Model not fitting well... any tips?

I am trying to create a deep learning model for diabetic retinopathy classification using the dataset from the Kaggle competition. It is a deeply imbalanced dataset, so I oversampled to compensate. The metric used is a quadratically-weighted kappa, but I still use the default losses.

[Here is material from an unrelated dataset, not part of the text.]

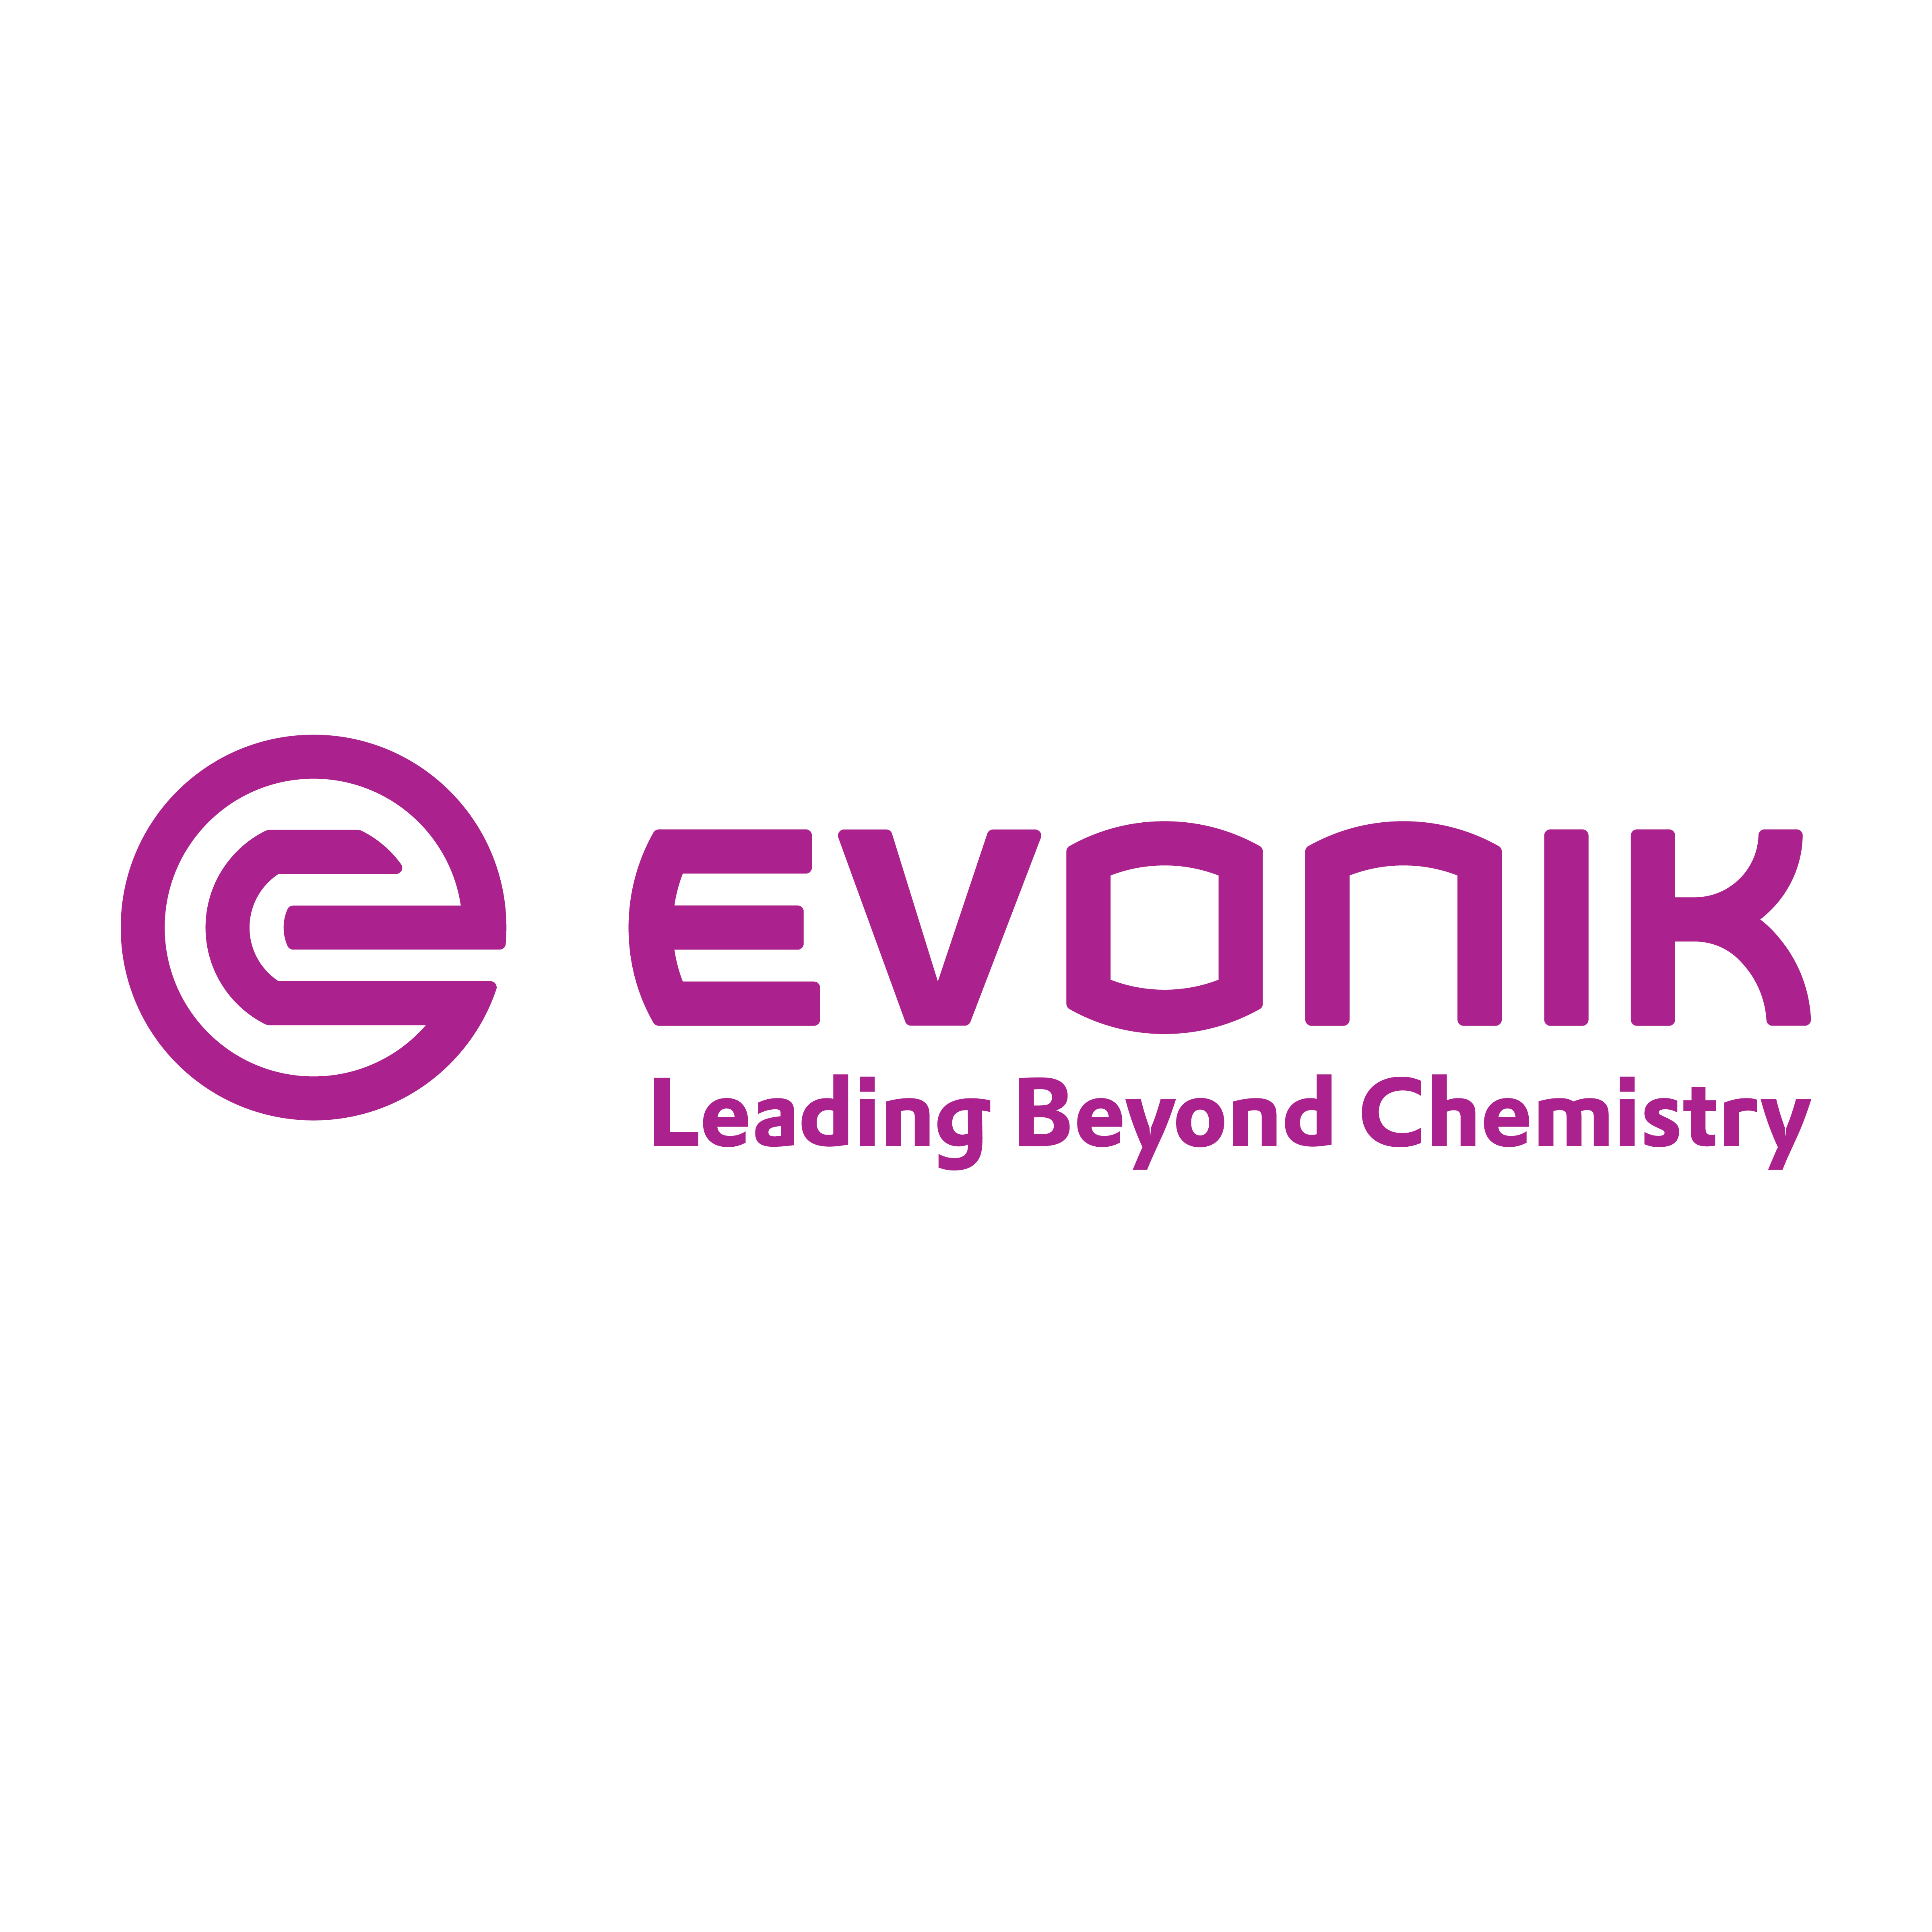 Evonik logo with tagline "leading beyond chemistry"l

I tried first training the pretrained frozen model, but the losses were increasing so i decreased the learning rate from the default to 0.0001 but the losses still were increasing. I unfroze the pretrained model and got the following learning rate finder plot:

image

I therefore trained the unfrozen model:learn.fit_one_cycle(8, max_lr=slice(1e-5,1e-3))

Here was the output:
|epoch|train_loss|valid_loss|error_rate|quadratic_kappa|
|1|1.992300|1.782344|0.790541|0.029925|
|2|1.975999|1.800119|0.837838|-0.010177|
|3|1.909558|1.775696|0.783784|0.083548|
|4|1.848520|1.751850|0.770270|0.031308|
|5|1.792481|1.794827|0.790541|0.040681|
|6|1.745992|1.790712|0.777027|0.079723|
|7|1.683050|1.792871|0.783784|0.096549|
|8|1.647192|1.794136|0.770270|0.089159|

This is phenomenally bad performance… what is going on? any tips for improving the performance?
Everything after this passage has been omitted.